Speakers
Details
Machine Learning and Data Science (ML) is starting to take the place in industry that "Information Technology" had in the late 1990s: businesses of all sizes and in all sectors, are recognizing how necessary it has become to develop predictive capabilities for continued profitability of their core competencies. To be effective, ML algorithms rely on high-quality training data – and not just any data, but data that is specific to the business problem that ML is applied to. Obtaining relevant training data can be very difficult for firms to do themselves, especially those early in their path towards incorporating ML into their operations. This problem is only further exacerbated, as businesses increasingly need to solve these prediction problems in real-time (e.g. a ride-share company setting prices, retailers/restaurants sending targeted coupons to clear inventory), which means that data gets “stale” quickly. Therefore, it is imperative that there are real-time market structures for the buying and selling of training data for ML. Further it is insufficient to view ML performance metrics (e.g.
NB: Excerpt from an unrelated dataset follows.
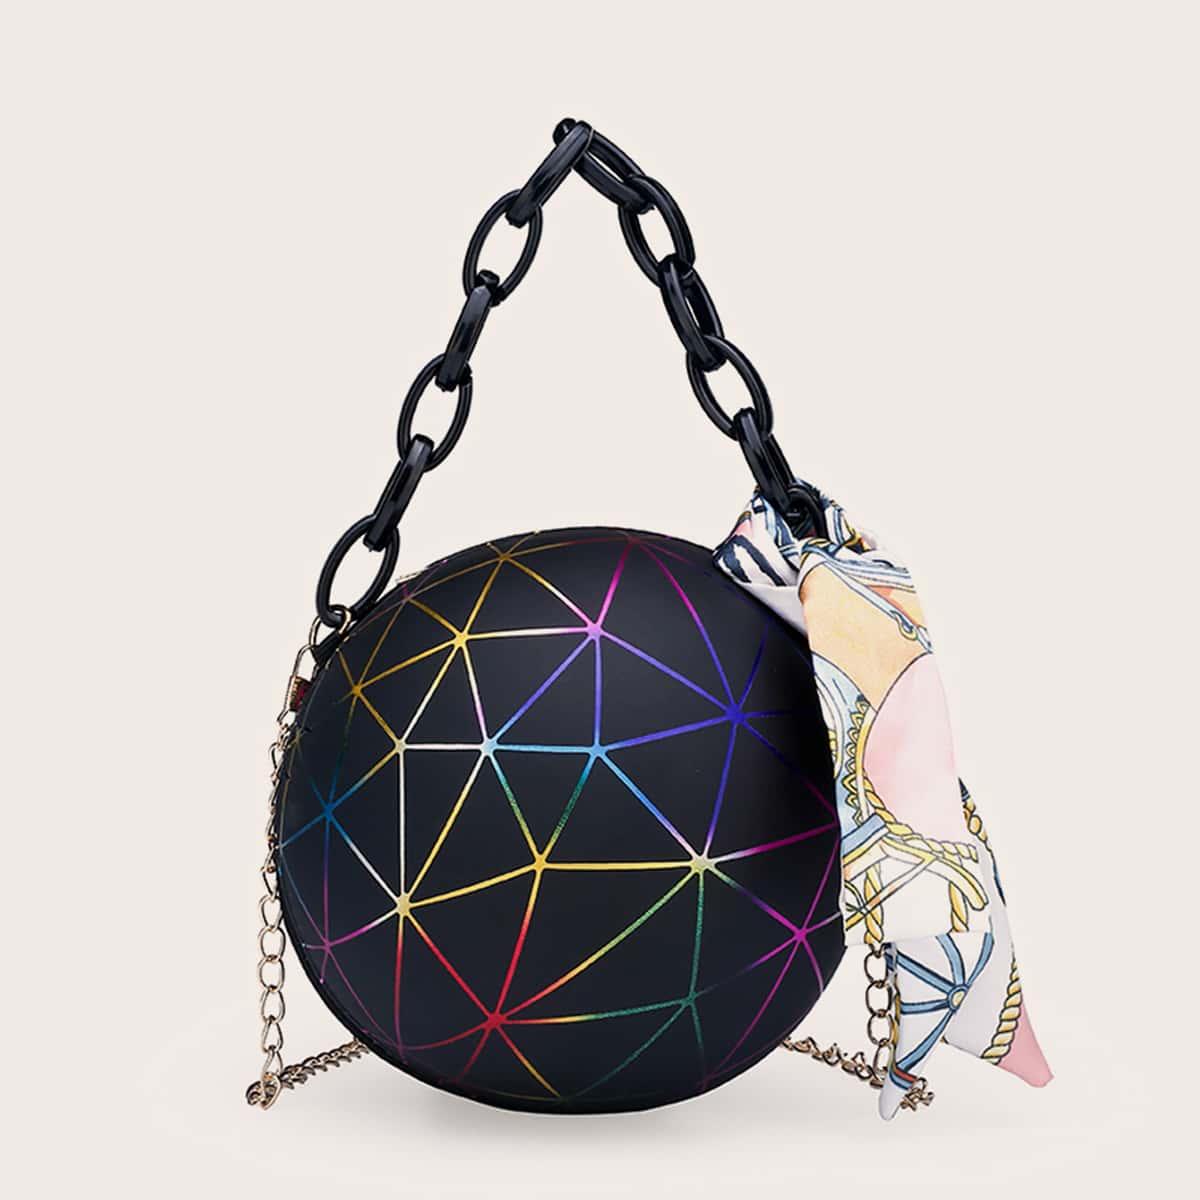 SHEIN / Twilly Scarf Decor Ball Shaped Chain Bag

RMSE) in isolation of real-world applications; for example, a 10% increase in prediction accuracy means very different things for a hedge fund maximizing profits vs. a retailer decreasing inventory costs vs. a hospital trying to save lives. Hence the value of a dataset will necessarily have to consider more than simply the prediction accuracy it provides. Domain knowledge will be just as essential, if not more so, if we aim to view data as an asset and create a rigorous method to define its value.